For years, data quality lived in IT. It was a cleanup task, something handed to an analyst when the numbers “looked off.” Nobody called a board meeting over duplicate records or inconsistent formatting.
That’s not true anymore.
Data quality has quietly moved from a technical chore to a strategic risk, and the reason is simple. AI made bad data expensive in ways it never used to be. Boards don’t care about data quality because they suddenly love spreadsheets. They care because bad data now moves fast, acts on its own, and shows up in places a human isn’t double checking anymore.
The Cost of Bad Data Just Changed Shape
A messy customer database used to mean a few awkward reports and an annoyed analyst. Now that same data trains models, powers automated decisions, and feeds systems operating at a scale nobody is manually verifying in real time.
Gartner has pegged the average cost of poor data quality at 12.9 million dollars a year for organizations. That number gets quoted constantly, but the more revealing shift is where the cost actually lands now.
It’s not analyst hours anymore. It’s a support chatbot quoting the wrong refund policy to a customer. It’s a demand forecasting model missing a spike because half the regional sales data was mislabeled. It’s a fraud detection system trained on incomplete records, letting things slip through that a human reviewer would have caught in seconds.
None of that stays contained in a dashboard. It shows up in customer complaints, missed targets, and eventually, earnings calls.
Three Forces Pushed This Into the Boardroom
AI adoption raised the stakes on every dataset touching a model
A rule based system with bad data fails in predictable, visible ways. Something breaks, someone notices, it gets fixed. An AI system with bad data fails differently. It stays confident. It produces answers that look reasonable right up until someone checks the underlying logic and realizes the model learned the wrong pattern from flawed inputs. That failure mode is harder to catch and far more expensive once it’s caught.
Regulation caught up to the technology
Data governance requirements tied to AI use, particularly around explainability and accountability, mean companies increasingly have to prove their data was accurate and traceable. Claiming it was accurate isn’t enough anymore. That’s a legal and compliance conversation, and legal and compliance conversations reach the board by default.

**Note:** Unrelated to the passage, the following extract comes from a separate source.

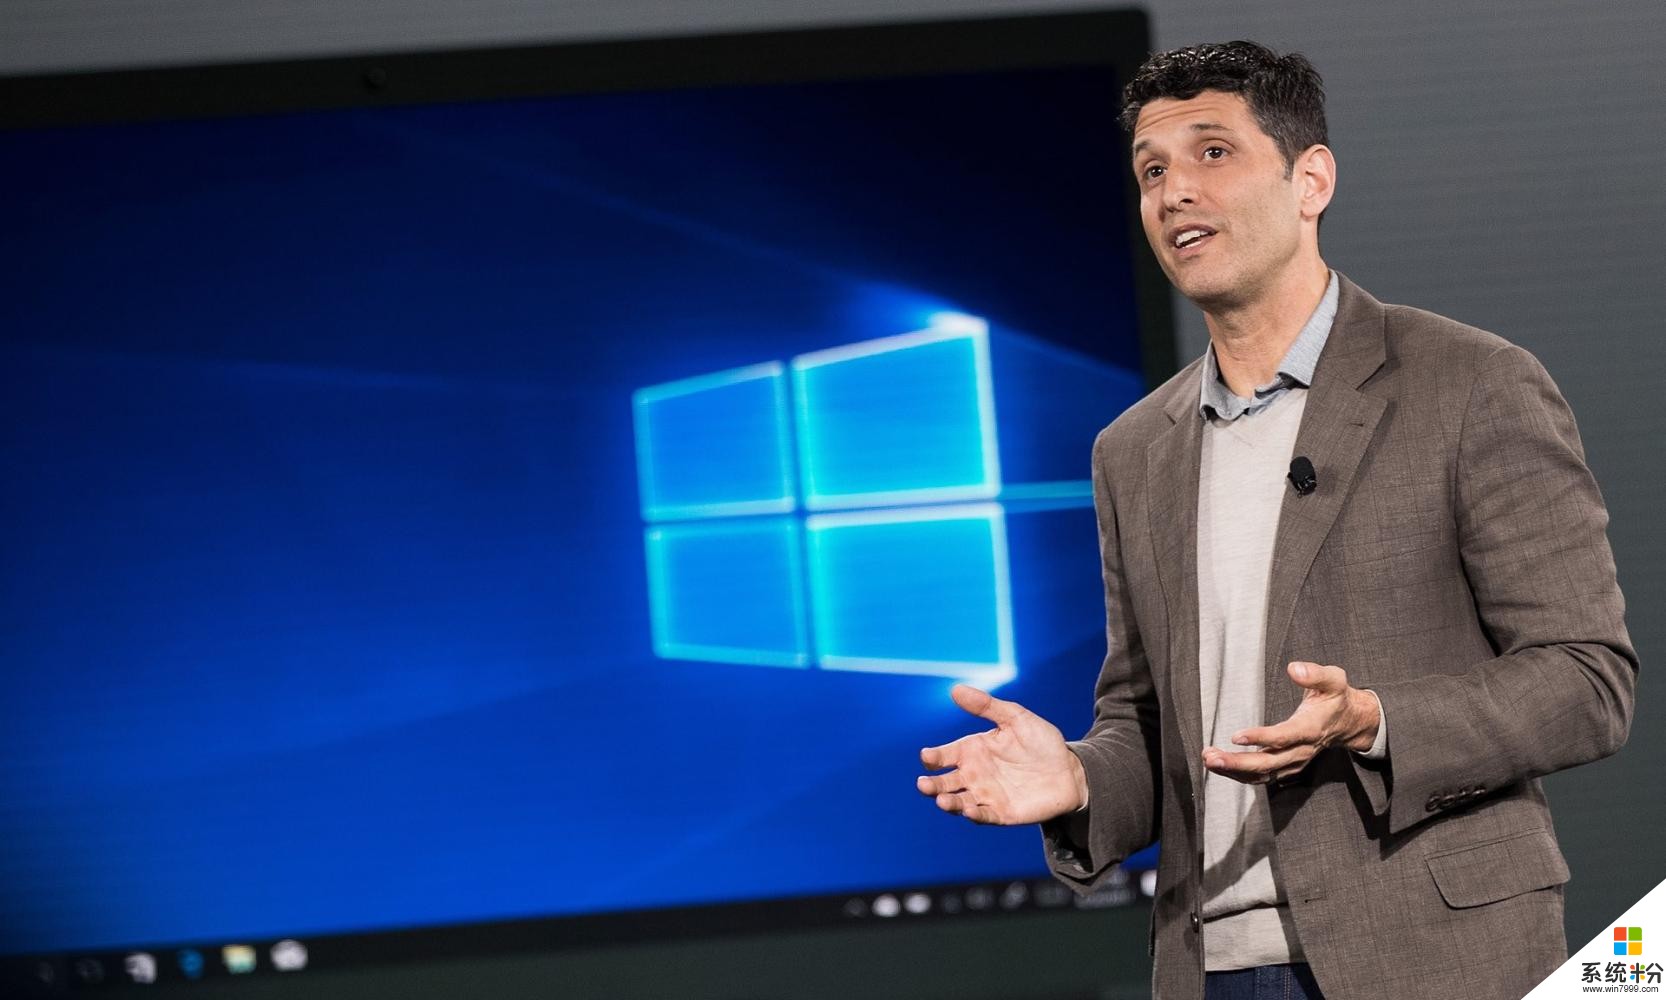 微软推出Surface笔记本电脑和Windows 10 S, 以竞争MacBook Pro(3)

Competitors started winning because of it
This is the part that gets underrated. Companies with clean, well governed data are shipping AI features faster, not because they have better engineers, but because they aren’t stuck mid launch fixing a pipeline that was broken from the start. Speed to market became a data quality story. That’s exactly the kind of thing that gets a CEO’s attention.
What “Good Data” Even Means Has Expanded
Data quality used to be about two things: is it accurate, and is it complete. That definition doesn’t hold anymore.
Boards are now asking about data lineage, meaning whether anyone can actually trace where a piece of data came from and what happened to it along the way. They’re asking about consistency across systems, since most companies run data through five or six different tools before it reaches a model, and each handoff is a place for quality to quietly degrade. They’re asking whether data stays trustworthy under that kind of movement, not just at the moment it was collected.
That’s a much bigger, much harder question than “are the numbers right.”
The Companies Getting This Right Aren’t Doing One Big Cleanup
There’s a pattern worth noticing. The organizations handling data quality well right now didn’t run a single massive cleanup project and call it solved. That approach doesn’t survive contact with how fast data actually changes.
Instead, they’re treating data quality as infrastructure. Something monitored continuously. Something owned jointly across data, engineering, and business teams instead of sitting entirely with IT. And critically, something tied directly to the specific AI initiatives leadership already cares about, not treated as a separate hygiene project running in parallel.
That framing matters. “We’re improving data quality” doesn’t get board attention. “We’re fixing the data quality issue that’s slowing down our AI rollout” does.
The Real Question Isn’t About Data
Strip away the terminology and the boardroom conversation isn’t really about data quality at all. It’s about trust. Specifically, whether the business can trust the decisions it’s about to hand off to a system running faster and more autonomously than anything that came before it.
That’s a much harder question to wave off with a quarterly cleanup sprint. And it’s exactly why data quality stopped being IT’s problem and became everyone’s problem, starting at the top.